I’ve based my implementation on Oleg Kiselyov’s toy kanren implementation, stealing some ideas from P. Jansson & J. Jeuring, Functional Pearl: Polytypic Unification.

The essence of logic programming is twofold: relations and unification.

Relations

A relation over sets is a subset of the Cartesian product , written such that .

We will express relations in Scala using functions assigning a (possibly empty) list of values, to values:

class Relation[X, Y] private (private[Relation] val f: X => LazyList[Y])

We use LazyList as the computations might be potentially infinite.

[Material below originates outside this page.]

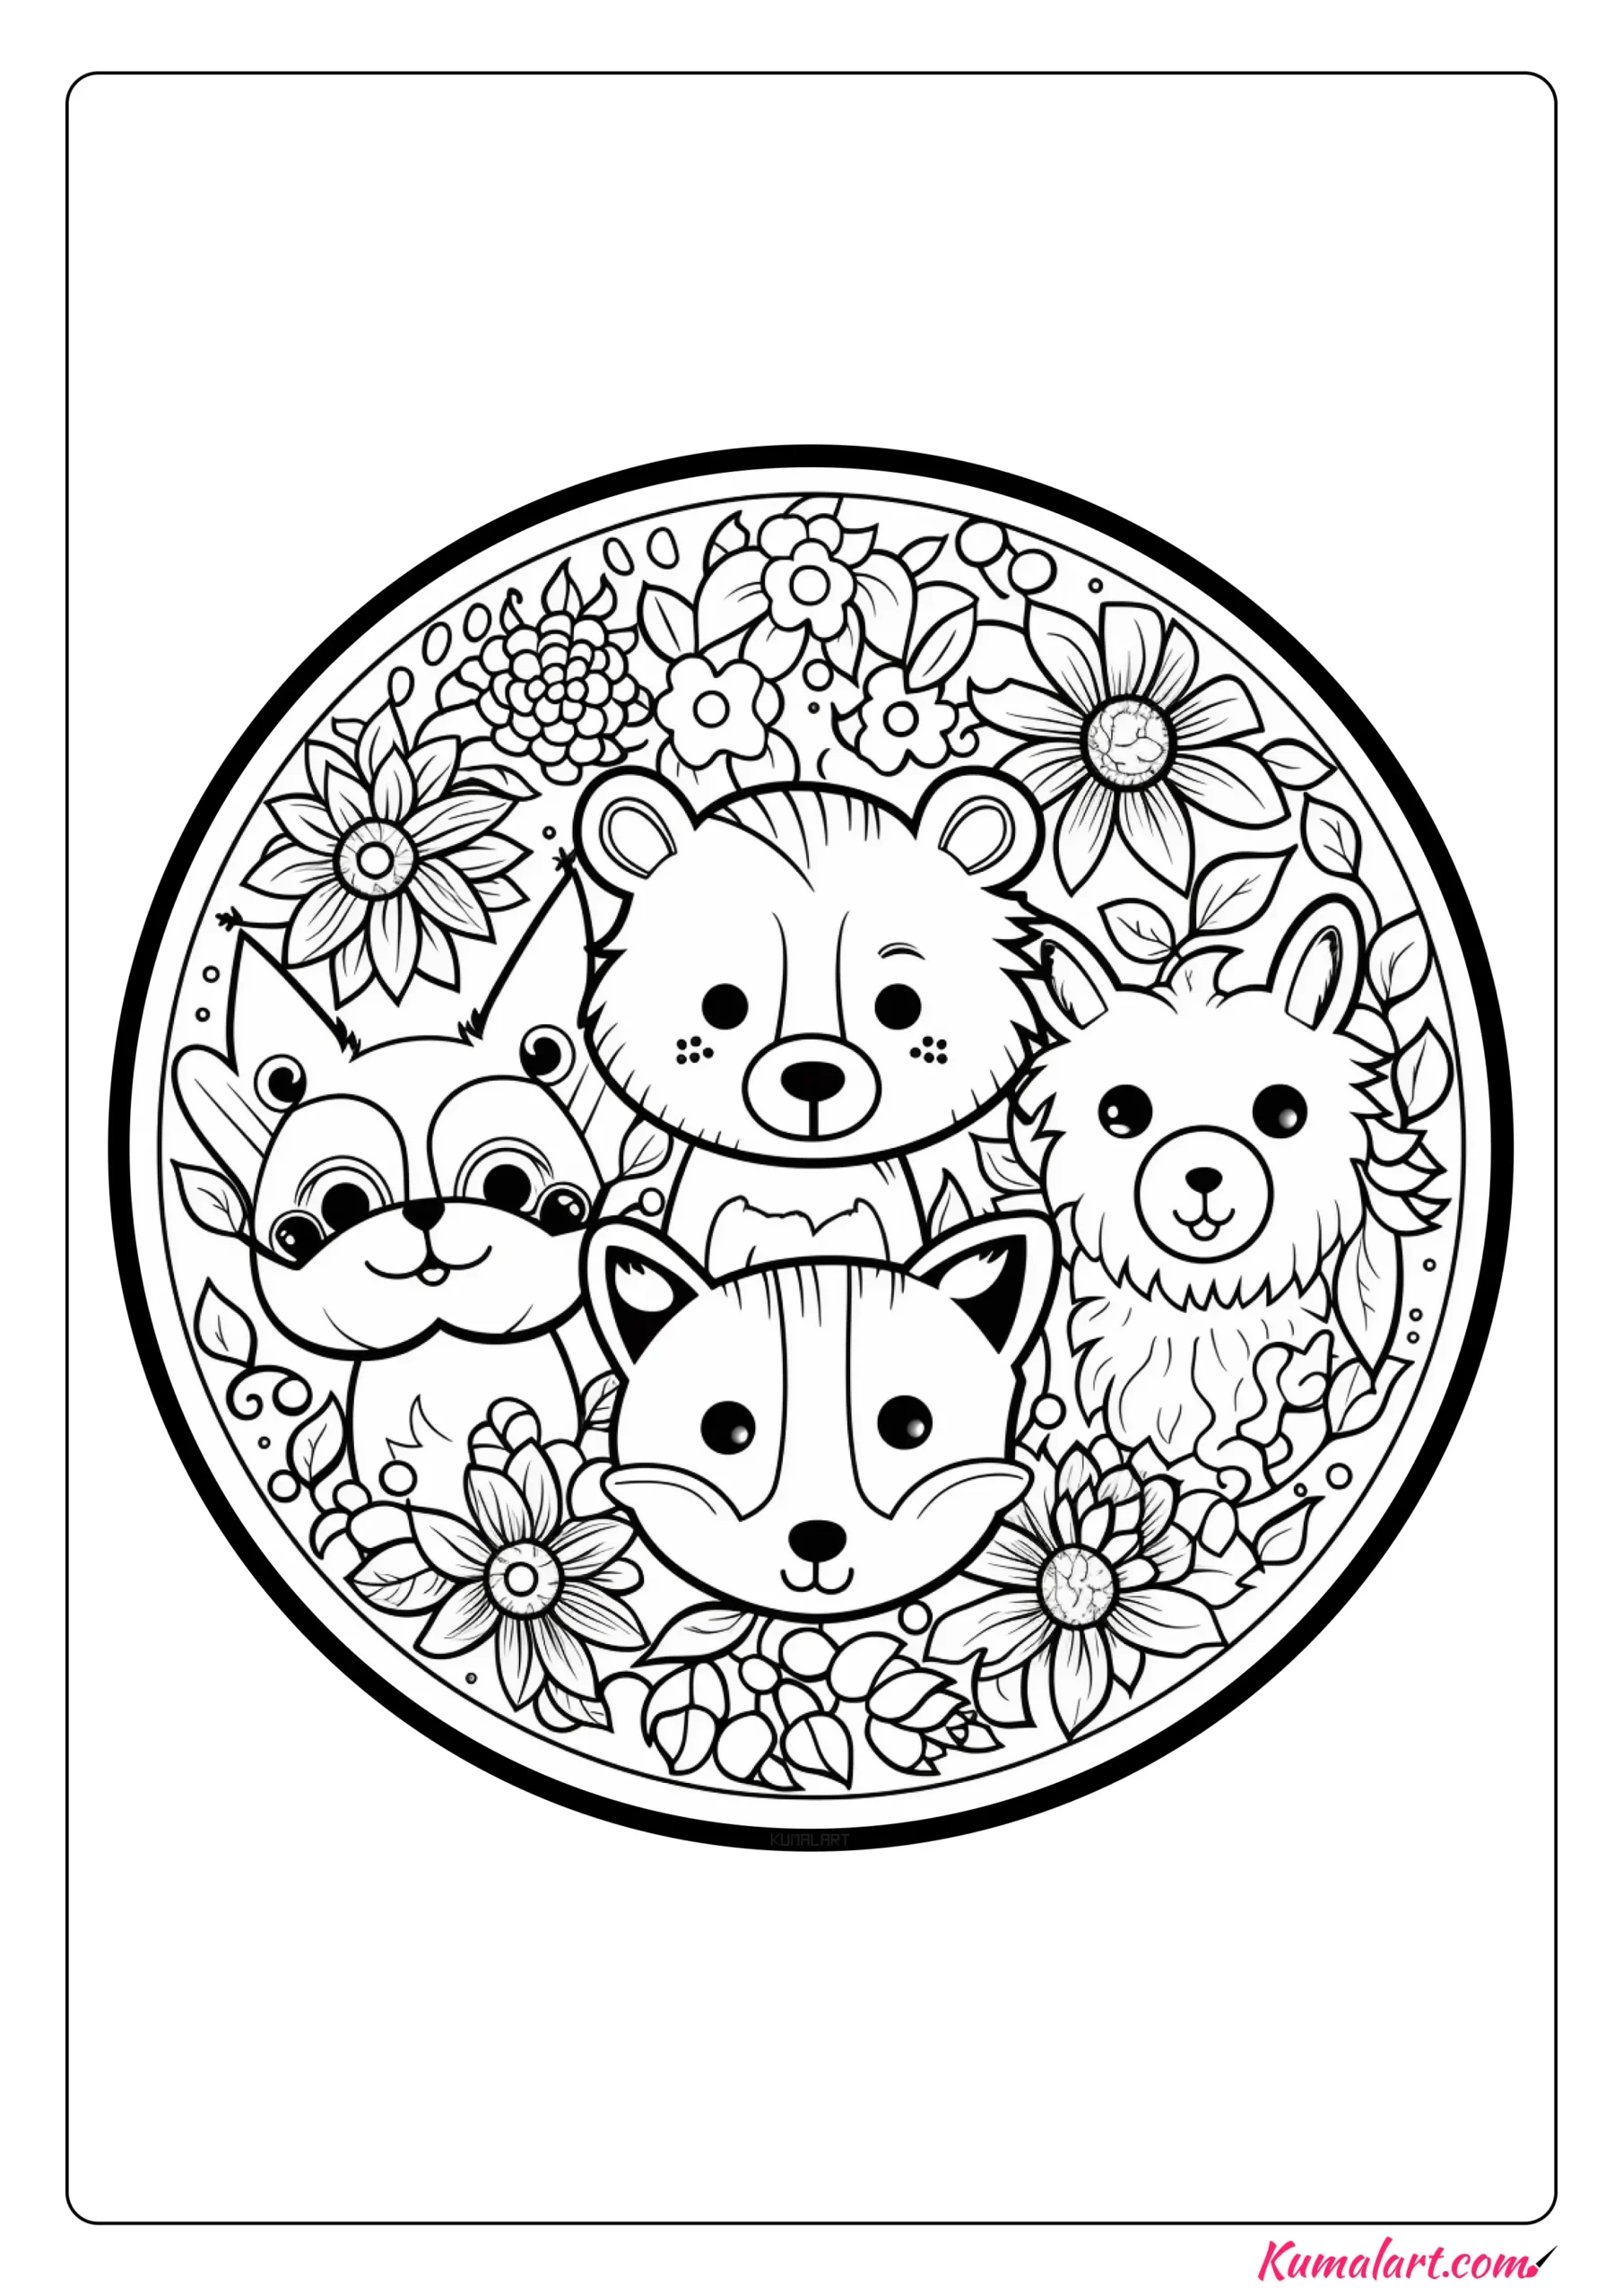 Lovely Cute Coloring Page

We can define two primitive relations, fail which associates to no result for any value and succeed - a trivial relation that associates the given value to the given value.

object Relation {
  def fail[A] = new Relation[A, A](_ => LazyList.empty)
  def succeed[A] = new Relation[A, A](a => LazyList(a))
}

Combinators

We will use combinators to create more complicated relations:

class Relation[X, Y] private (private[Relation] val f: X => LazyList[Y]) {
  def apply(x: X) = f(x)

  def map[Z](g: Y => Z): Relation[X, Z] = new Relation( x =>
    f(x).map(g)
  )

Mapping a relation by g, creates a new relation which “relates” the values of the codomain by -

We can test it:

scala> Relation.succeed[Int].map(_ + 1).apply(0).toList
val res0: List[Int] = List(1)

scala> Relation.succeed[Int].map(_ + 1).apply(2).toList
val res1: List[Int] = List(3)

scala> Relation.succeed[Int].map { x => x *  x }.apply(2).toList
val res2: List[Int] = List(4)

We can implement flatMap in similar vain - simply by flatMapping on the LazyList:

def flatMap[Z](g: Y => Relation[Y, Z]): Relation[X, Z] = new Relation( x =>
  this.f(x).flatMap { y =>
    g(y).apply(y)
  }
)

Another combinator disjunction, or \/ composes relations so that all results of both relations are returned:

def disjunction(other: Relation[X, Y]): Relation[X, Y] = new Relation[X, Y]( x =>
  this.f(x) #::: other.f(x)
)

def \/(other: Relation[X, Y]) = disjunction(other)

Test:

scala>   val square = Relation.succeed[Int].map { x => x * x }
val square: logprog.Relation[Int,Int] = logprog.Relation@46ba6f25

scala>    val cube   = Relation.succeed[Int].map { x => x * x * x }
val cube: logprog.Relation[Int,Int] = logprog.Relation@275bad01

scala>    val r = square \/ cube
val r: logprog.Relation[Int,Int] = logprog.Relation@17a1b96d

scala>     r(1).toList
val res0: List[Int] = List(1, 1)

scala>     r(2).toList
val res1: List[Int] = List(4, 8)

scala>     r(3).toList
val res2: List[Int] = List(9, 27)

Similarly, we can create a conjunction of relations: a new relation that composes values belonging to both relations.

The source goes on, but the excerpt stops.